June 8, 2015

Have you ever wondered about those self-proclaimed financial gurus that appear on cable news channels to spout their Theory of the Day, or general complaint about Obama?

I haven't, because I figure that any guy with a client base and a public relations contact can worm their way into a booker's heart, just like Todd Schoenberger did. Schoenberger is a frequent commentator on CNBC, Fox Business, and more. And of course, he's conservative.

Mr. Schoenberger has now been sanctioned by the SEC for ripping off his clients so he could use their money to buy himself some nice things.

What he did isn't all that unusual in the financial services industry. He invented a limited partnership investment called LandColt and put some land he owned in it. Then he used the land to sell clients on investments in the partnership based on non-existent commitments to develop an onshore investment fund.

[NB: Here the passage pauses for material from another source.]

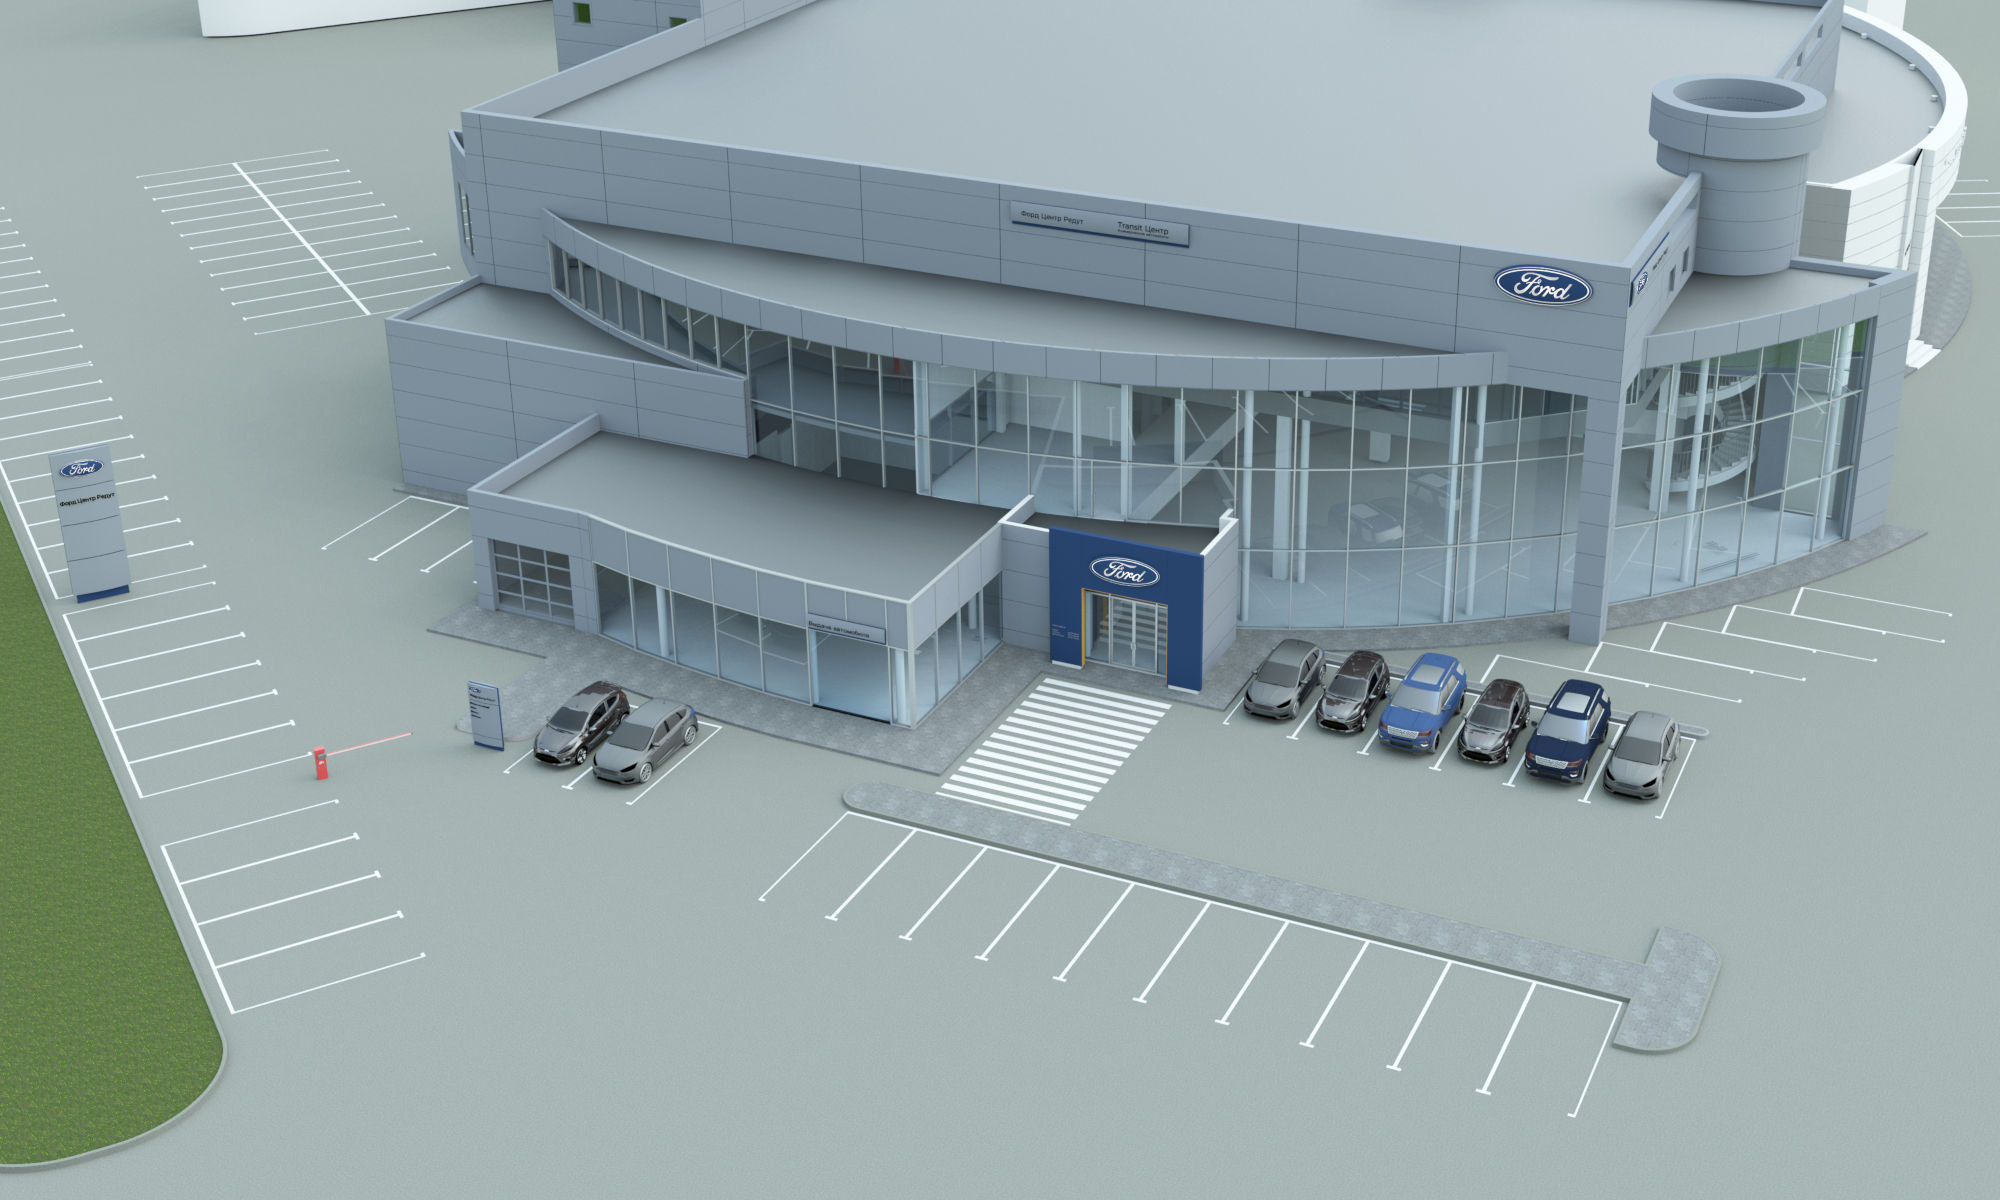 Автосалон Ford. 3D визуализация компании LEON LAB

But as the SEC notes, the only commitments came from duped clients who tossed $130,000 into the kitty for Mr. Schoenberger's personal use.

Schoenberger’s claims were false. There were never firm commitments by an investment bank or any accredited investors to invest in the Onshore Fund. Moreover, Schoenberger diverted more than half of investor funds he received—at least $67,000—for his own personal use, including for use as a down payment on the construction of a new home and to pay living expenses. The Onshore Fund never launched and no investor received the returns promised by Schoenberger.

It was intended to be a pyramid scheme. Had more investors kicked in, Schoenberger would have paid some return back to the original investors and kept more for himself. Here's a recent California case that runs along the same lines, again featuring so-called financial pundits.

The SEC complaint notes that Schoenberger traded on his Fox Business appearances to build credibility for himself in order to garner investor confidence in the scheme, so that he could target people who may have thought they were being savvy by investing in his scheme, but could ill afford to lose so much money.

Two of his "investors" were textile mill employees, age 58 and age 38. One was a 75-year old retired farmer, and the fourth doesn't have any details mentioned. These are people who wouldn't really have the savvy for proper due diligence, but might be impressed by his appearances on Fox Business as someone who was legit. In fact, he was anything but.

Schoenberger has been ordered by the SEC to disgorge the remaining funds in the so-called investment, been barred from the financial industry and to pay interest to the extent he is able.

It also appears that if the SEC is able to recover any addition funds from Schoenberger, they will apply them to make Investor C whole first.

The sanctions don't go far enough, because it is possible for Schoenberger to re-enter the financial services industry on petition to the SEC at some point in the future. He should be barred for life. In an even more cruel twist of fate, it appears that Schoenberger is also in bankruptcy proceedings, which means he could walk out of this without having to work the rest of his life to repay those funds to the investors, unlike students who default on student loans, or those who owe the IRS back taxes.

Here's the moral of the story, though, and what people should take away from it. First, don't believe someone just because someone put them on TV. Second, when you're promised a 20 percent rate of return in an environment where it's a stretch to hit 8 percent, it really is too good to be true, and should be regarded as such.